## PROBLEM DETAILS
All the data below goes into the copy word for word, but the pictures don't.

## RAW DATA
☆ ☆ ☆

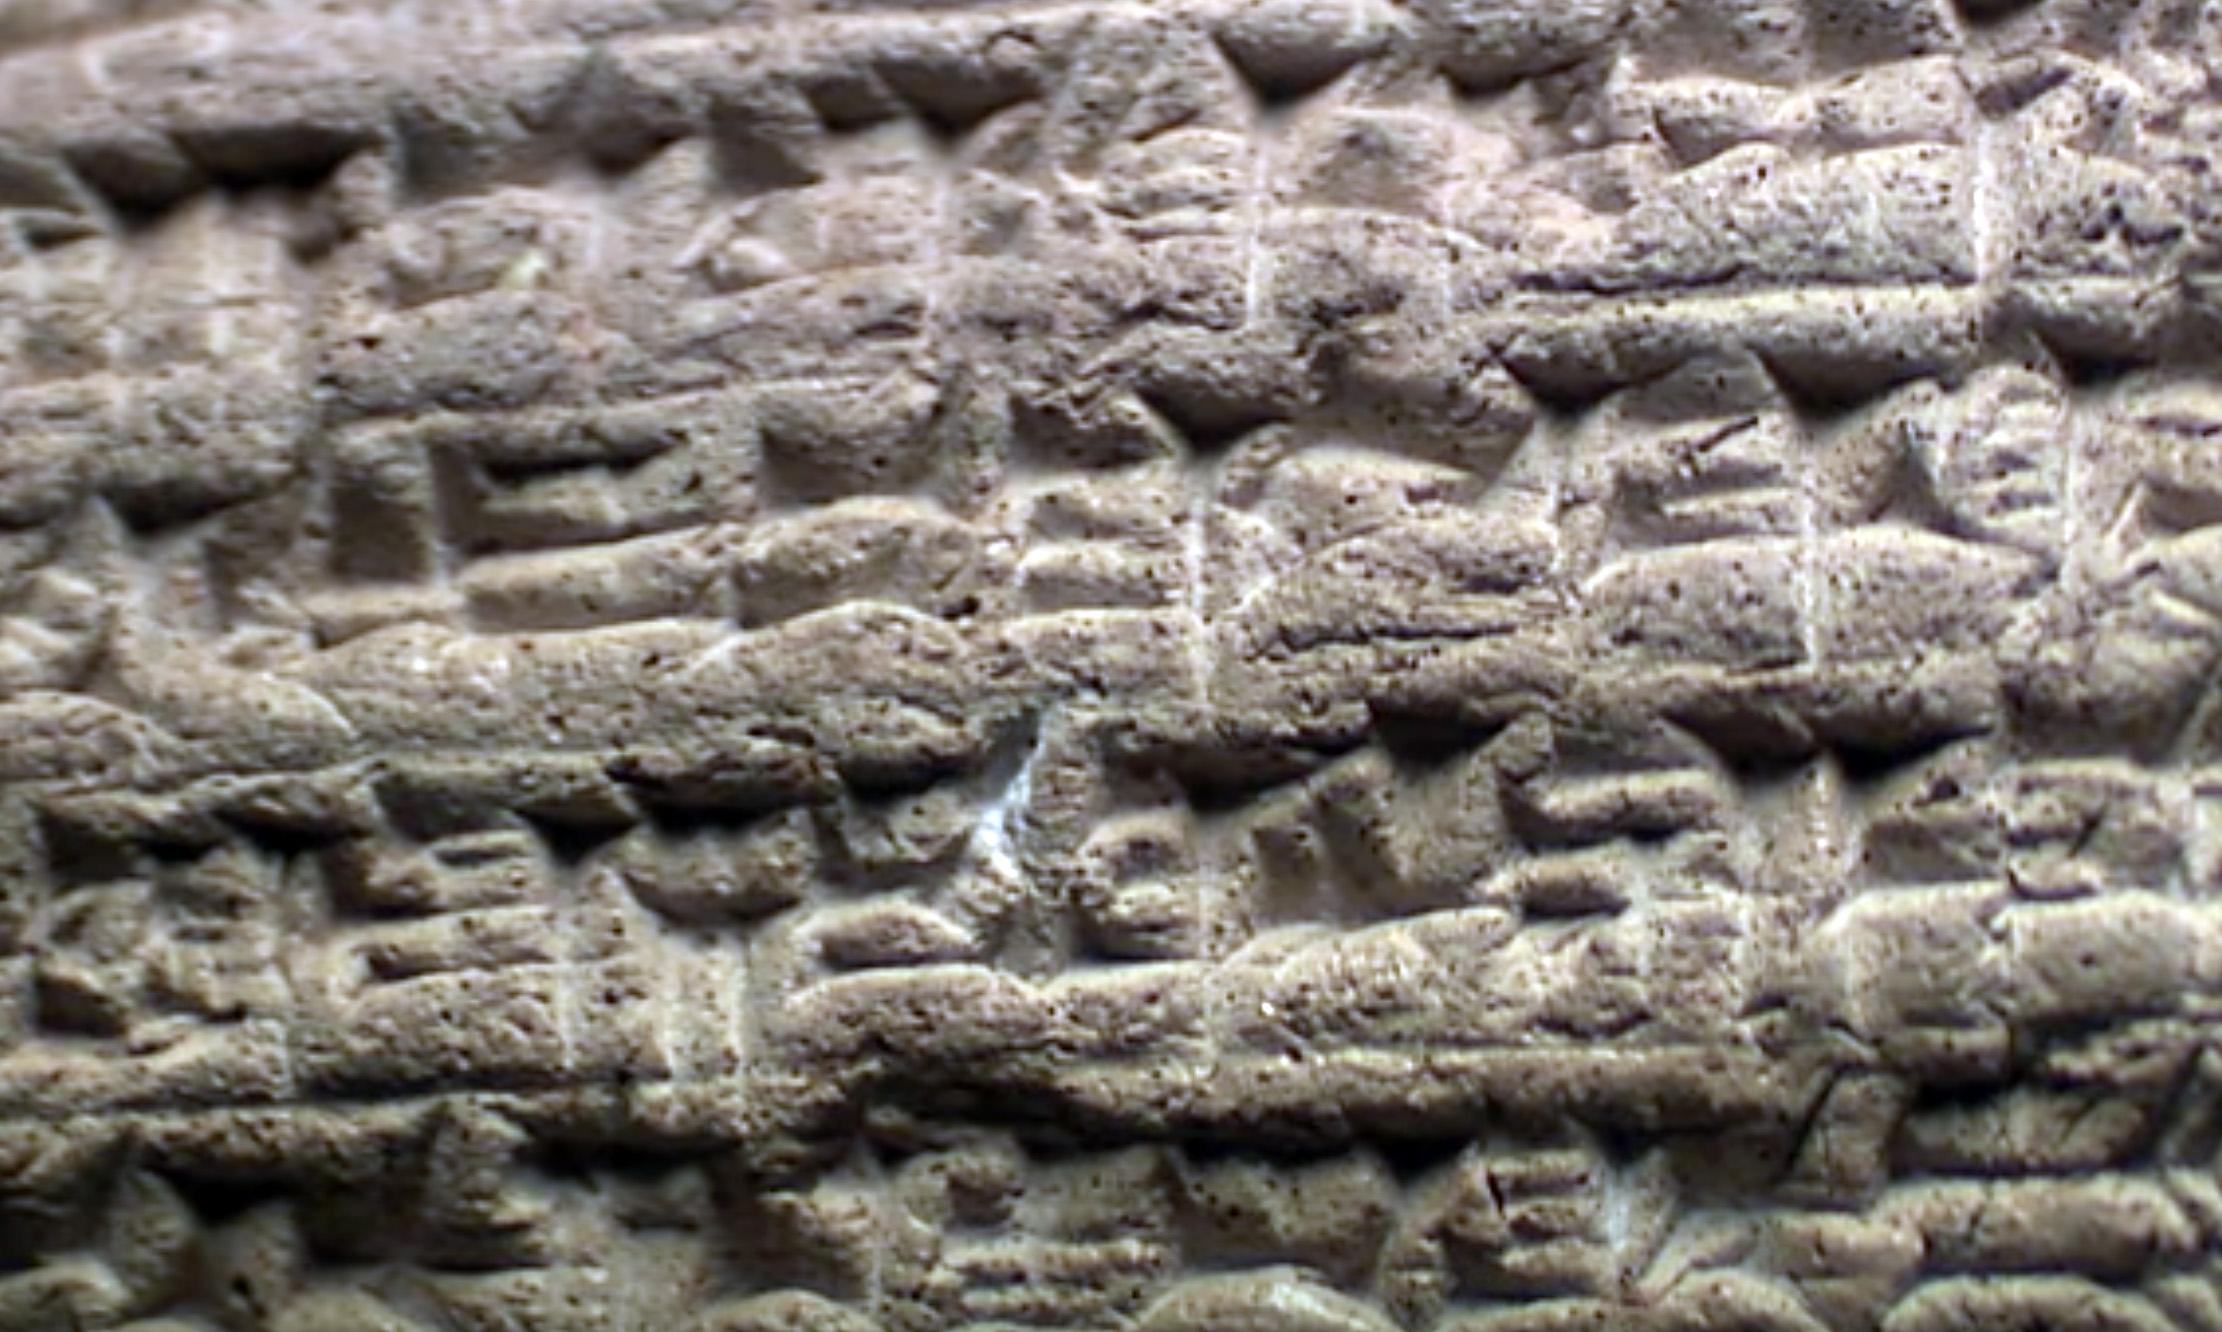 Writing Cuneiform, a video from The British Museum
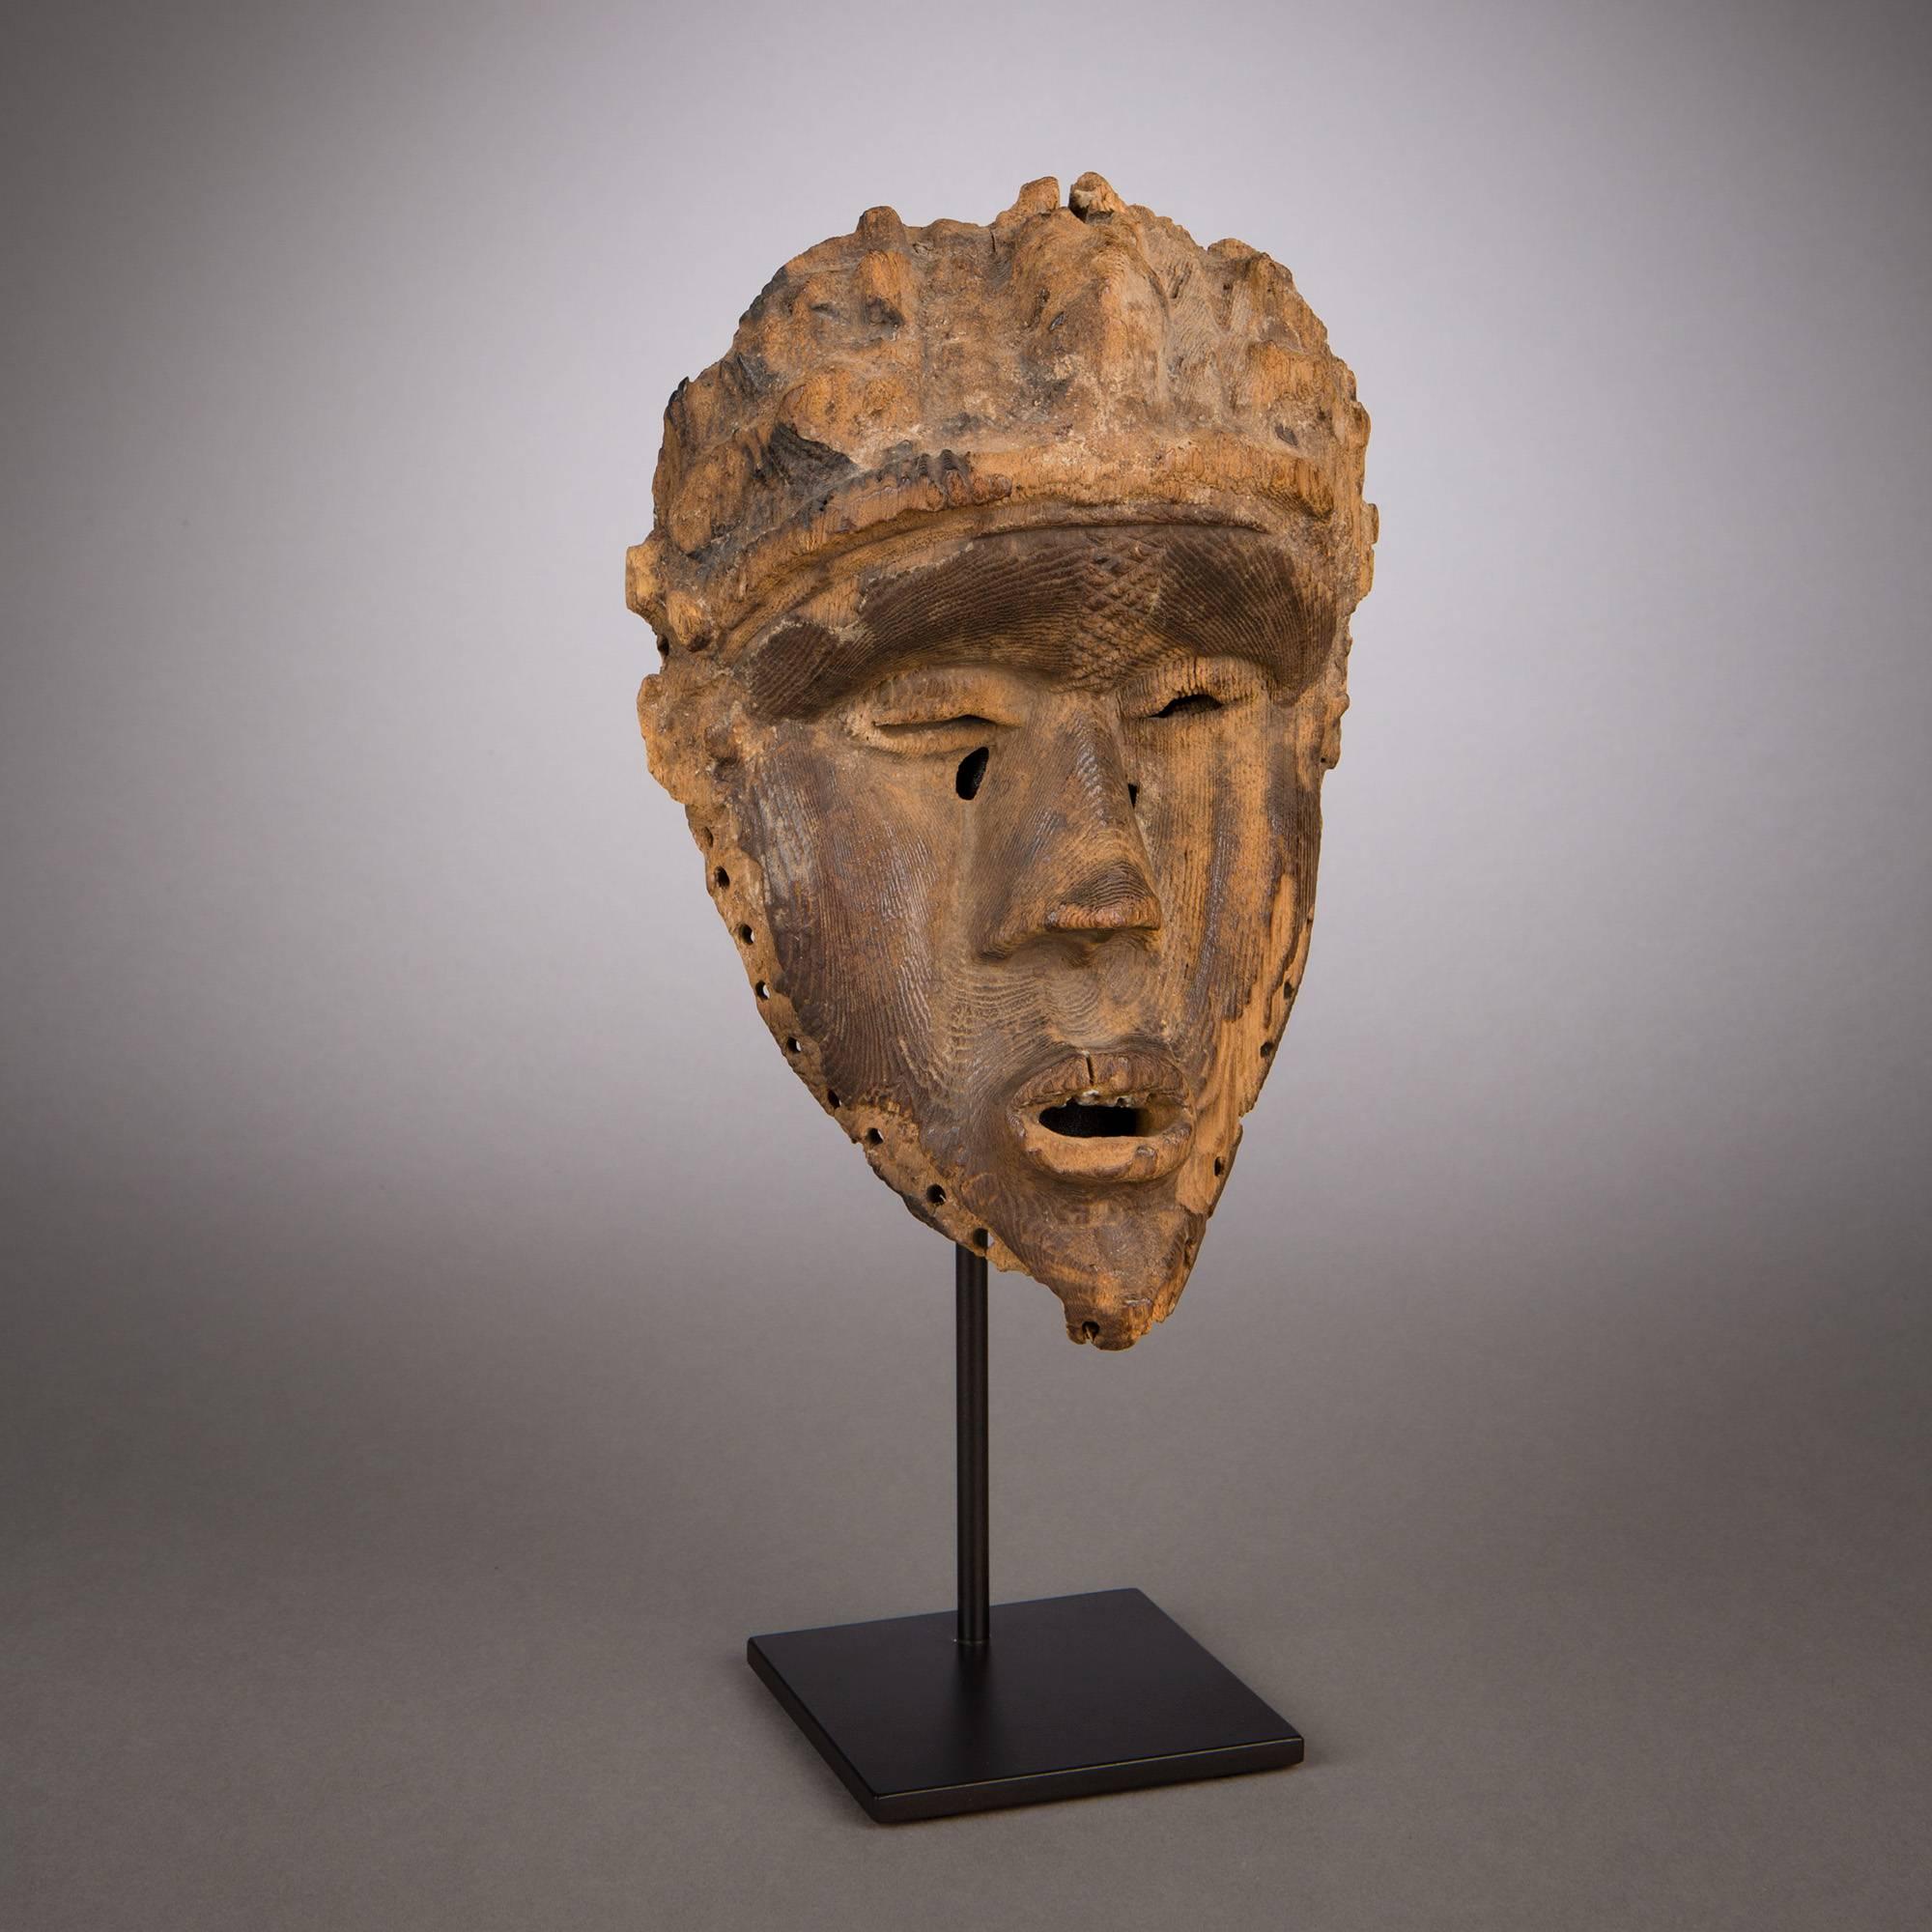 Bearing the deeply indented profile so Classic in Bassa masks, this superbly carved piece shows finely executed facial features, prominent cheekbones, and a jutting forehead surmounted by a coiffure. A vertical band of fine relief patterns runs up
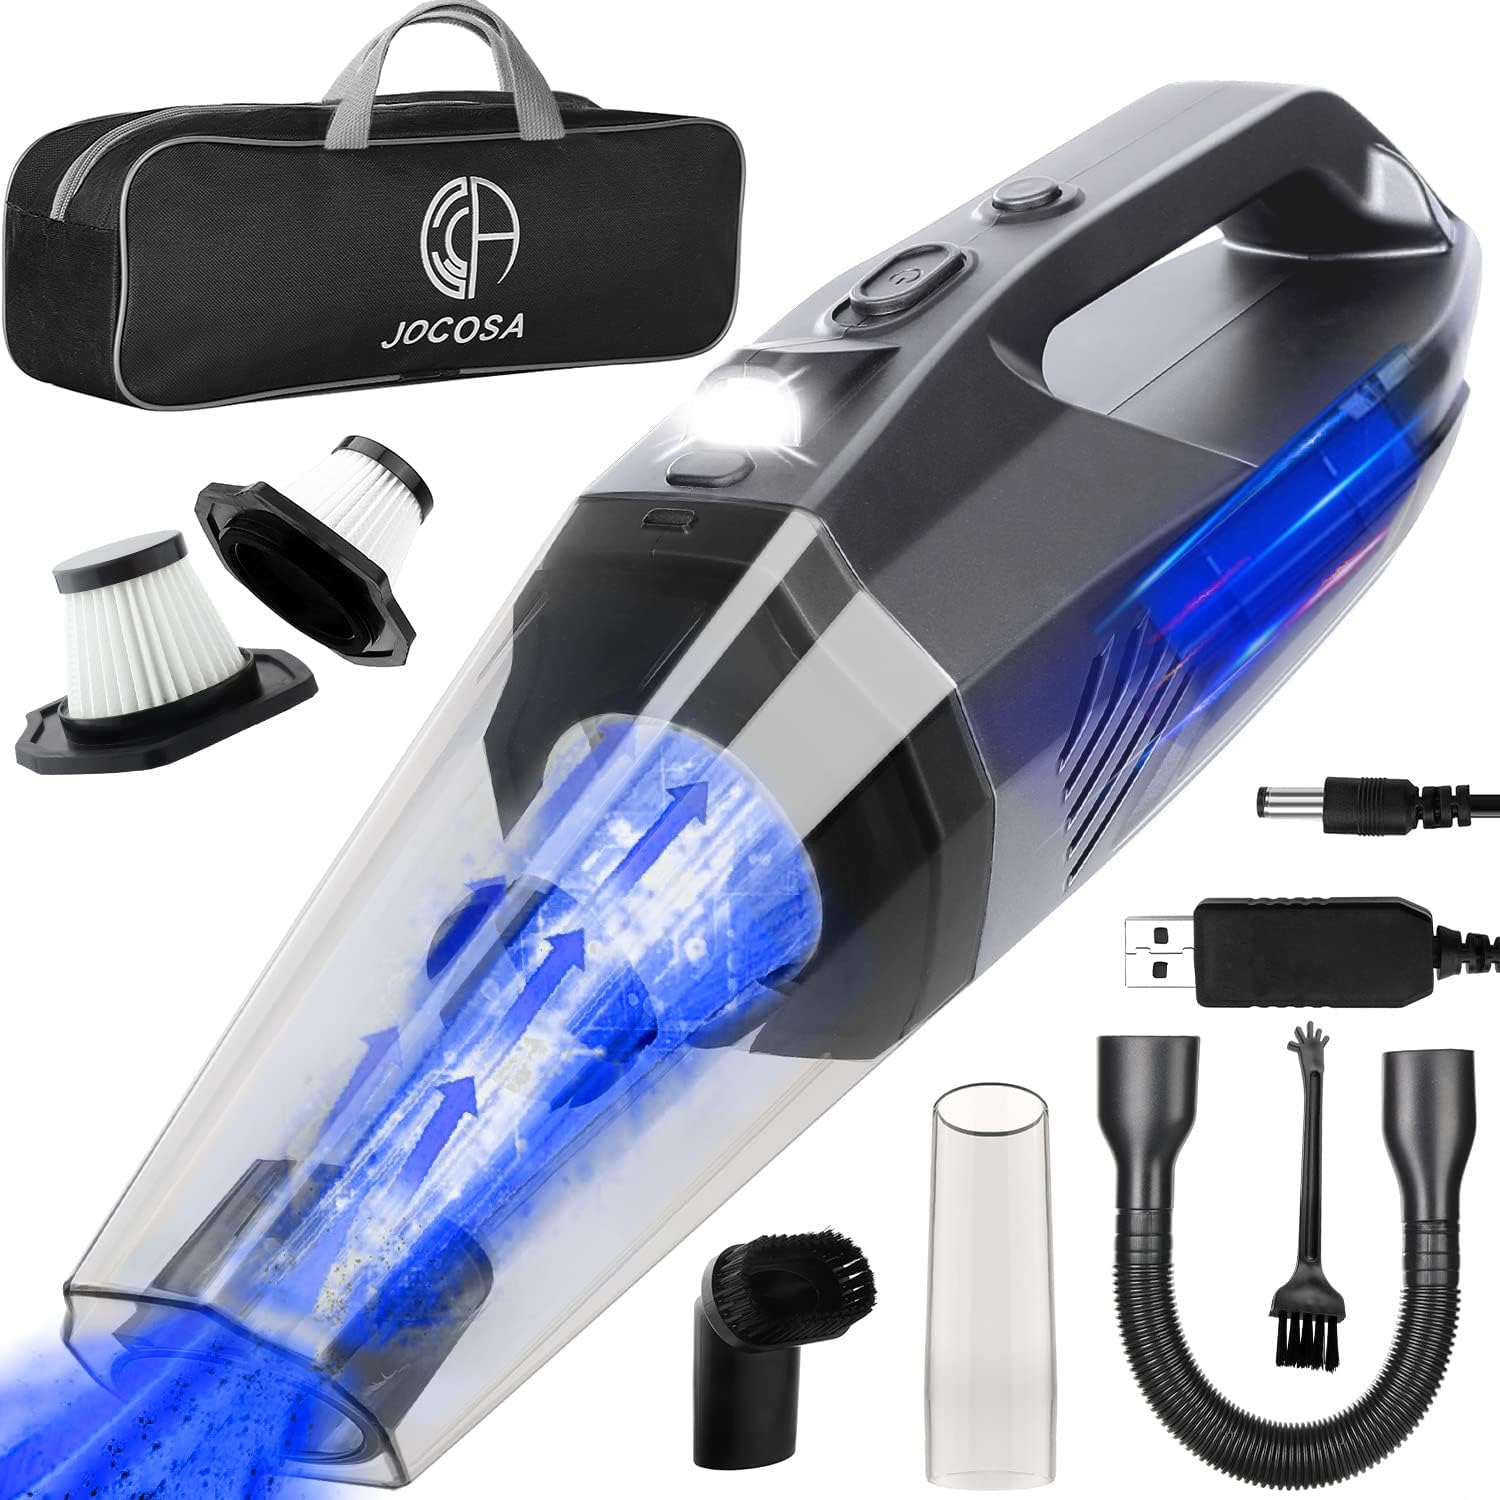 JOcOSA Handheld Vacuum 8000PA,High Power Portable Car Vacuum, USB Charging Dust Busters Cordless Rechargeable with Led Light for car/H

☆ ☆ ☆

## WRITTEN SOLUTION
 Writing Cuneiform, a video from The British Museum
 Bearing the deeply indented profile so Classic in Bassa masks, this superbly carved piece shows finely executed facial features, prominent cheekbones, and a jutting forehead surmounted by a coiffure. A vertical band of fine relief patterns runs up
 JOcOSA Handheld Vacuum 8000PA,High Power Portable Car Vacuum, USB Charging Dust Busters Cordless Rechargeable with Led Light for car/H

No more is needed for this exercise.